Seth talks to the Spokesman Review
September 24, 2005 at 09:27 AM
As I've discussed earlier, I was invited to participate in a citizen blogging exercise with the Spokesman-Review, Spokane's only serious local paper. The Review is leading the way nationally with it's interest in citizen blogging, but my current biggest and deal-breaking gripe with The Review is that they foolishly charge you to view their newspaper online. This baffles me for a host of reasons. For one: it completely knocks out my demographic from their readership. I'd wager that the coveted males 18-34 are in the low single digit percent of their subscribers. Which is a real shame actually. They seem to be trying to embrace my wider demographic with the whole blogging thing, but yet they're so clueless with that subscription thing. They almost get it, which is almost more frustrating than them completely not getting it. This recent post by uber market guru Seth Godin all but mentions them by name:
That local paper, the one that struggles to make its subscription and newsstand guarantee every day, wants you to register before you can read an article online. And they want to know a lot about you (your gender, your date of birth) before they will allow you to pay attention to your site.
The same company that runs ads hoping you’ll buy a newspaper that costs more to print than it does to sell, puts up roadblocks to keep you from reading online.
“Pay attention” are the key words. The consumer is already paying. You’re paying with a precious commodity called attention. Instead of fending you off and holding you back, perhaps the newspaper ought to be making it easier to give your precious attention to them…

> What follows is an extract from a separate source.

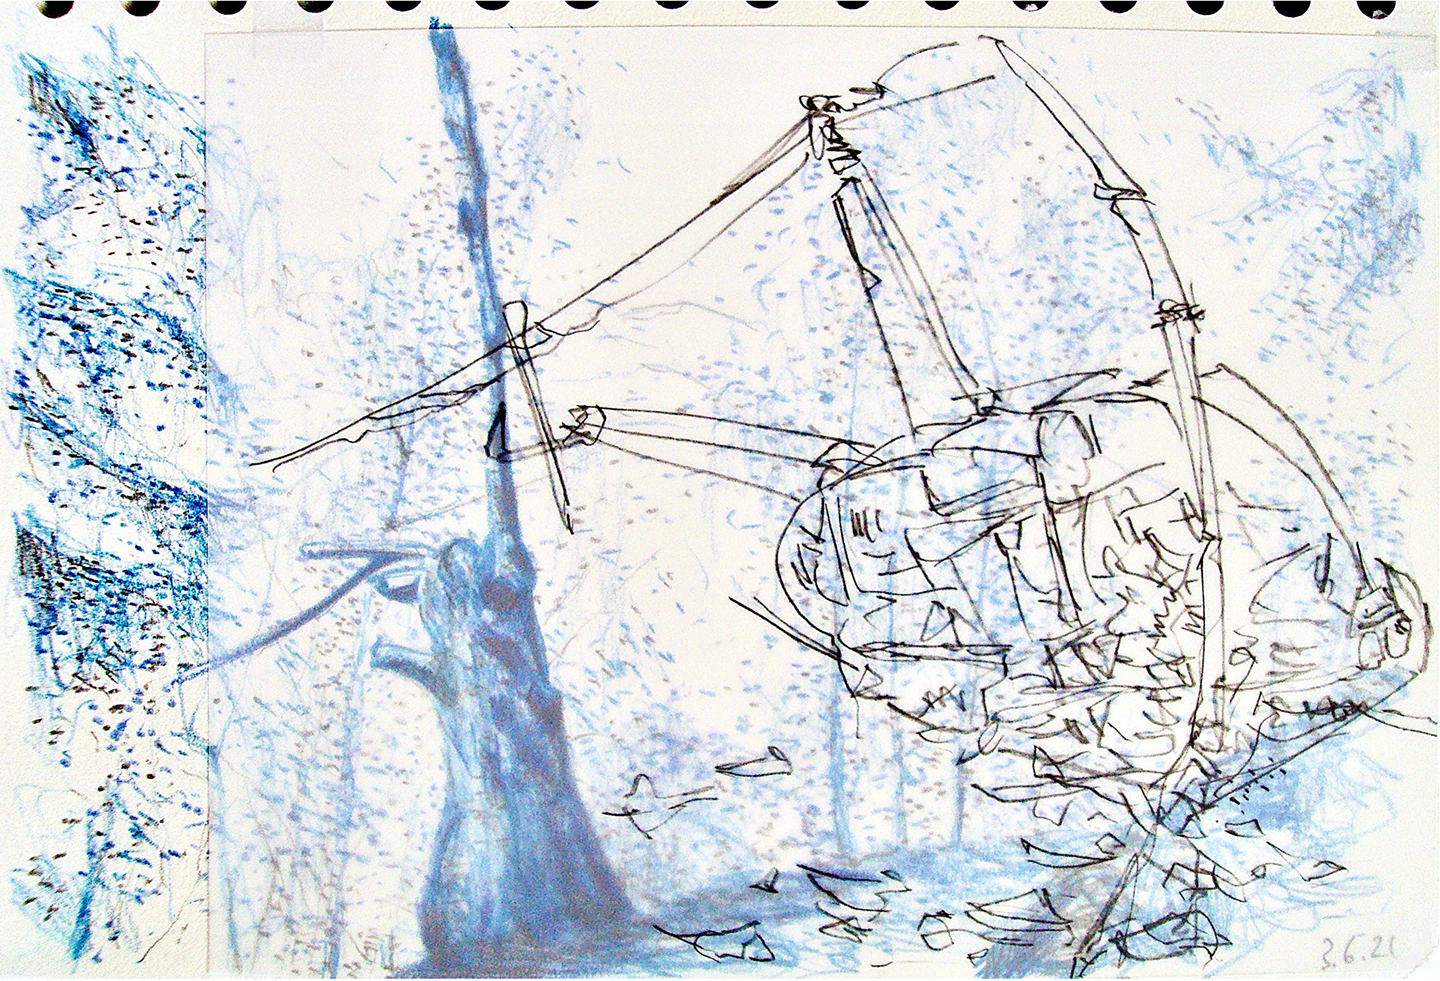 © Leo Brunschwiler, havarierter Baum und abgestürzter Helikopter, Farbstift und Bleistift auf Papier und Polyesterfolie, 14 cm x 21 cm , 2021

A quick gut check will probably confirm what many of us truly believe: the number of channels of communication is going to continue to increase. And either you’ll have a channel or you won’t. Either you’ll have access to the attention of the people you need to talk with, (notice I didn’t say talk “at”) or you won’t.
So, the real question to ask isn’t, “how much will I get paid to talk with these people?” The real question is, “how much will I PAY to talk with these people?”
And here's the clincher, he's only talking about forcing readers to register, I think he'd go into cardiac arrest if he knew The Review also required readers to pay a fee to read. It's really just unforgivable.
I have to wonder: if the Review had to make a choice between having me read for free online, or not having me read anything at all, would they opt for the latter? Because they have.
Update: Average age of newspaper readers: 55. Does this bother anyone at the S-R?